Despite recent advances in experimental approaches to identifying transcriptional cis-regulatory modules
(CRMs, " enhancers "), direct empirical discovery of CRMs for all genes in all cell types under the full
range of environmental conditions is likely to remain an elusive goal. Effective, sensitive,
and widely-applicable methods for computational CRM discovery are thus a critically needed complement
to empirical approaches. This is particularly true for CRMs regulating genes involved in less fully
described processes for which lack of knowledge of relevant transcription factor (TF) binding makes
ChIP-based experimental approaches impractical. We are developing a flexible suite of methods for the
identification and characterization of regulatory sequences when beginning with different degrees of
knowledge of the underlying regulatory network.
Our most successful efforts to date center on " motif blind " in silico CRM discovery methods
that do not depend on knowledge or accurate prediction of TF binding sites and that are effective when
limited knowledge of existing CRMs is available. A sliding genomic window is scored for similarity to a
training set consisting of a small (as few as seven) number of known CRMs that direct a common pattern of
gene expression. Scoring is based on the statistics of short word (k-mer) frequencies under any of several novel measures.

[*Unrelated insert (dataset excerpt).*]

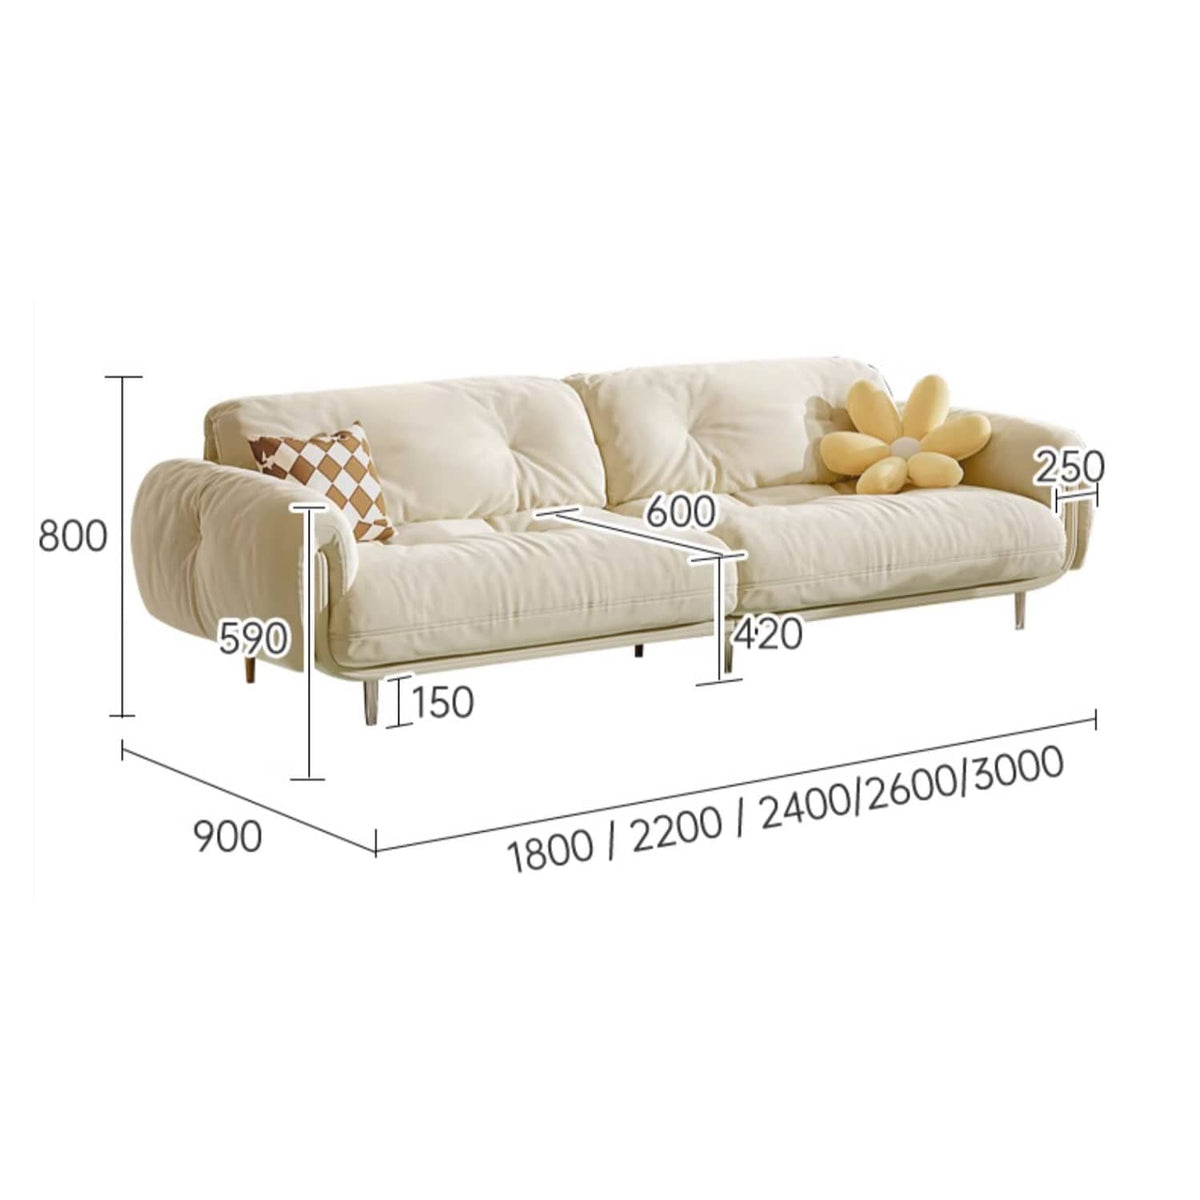 Luxurious Beige Sofa with Solid Wood Frame & Stainless Steel Accents - Premium Down & Faux Leather Upholstery fbby-1389

Empirical testing of our predictions using this strategy so far yields a 95% success rate in correctly
identifying sequences with CRM activity in transgenic reporter assays in both Drosophila and mouse (n=20).
We are working to increase the accuracy of our methods with respect to successful prediction of patterns of
regulated gene expression. We are also extending our CRM discovery methods to biomedically and/or agriculturally
important, but experimentally less well-characterized, arthropod species such as Anopheles gambiae,
Nasonia vitripennis, Tribolium castaneum and Apis mellifera.
Overall, our methods represent a flexible, accurate way of identifying regulatory sequences in both insect and
mammalian genomes and provide an important in silico adjunct to and extension of empirical CRM discovery approaches.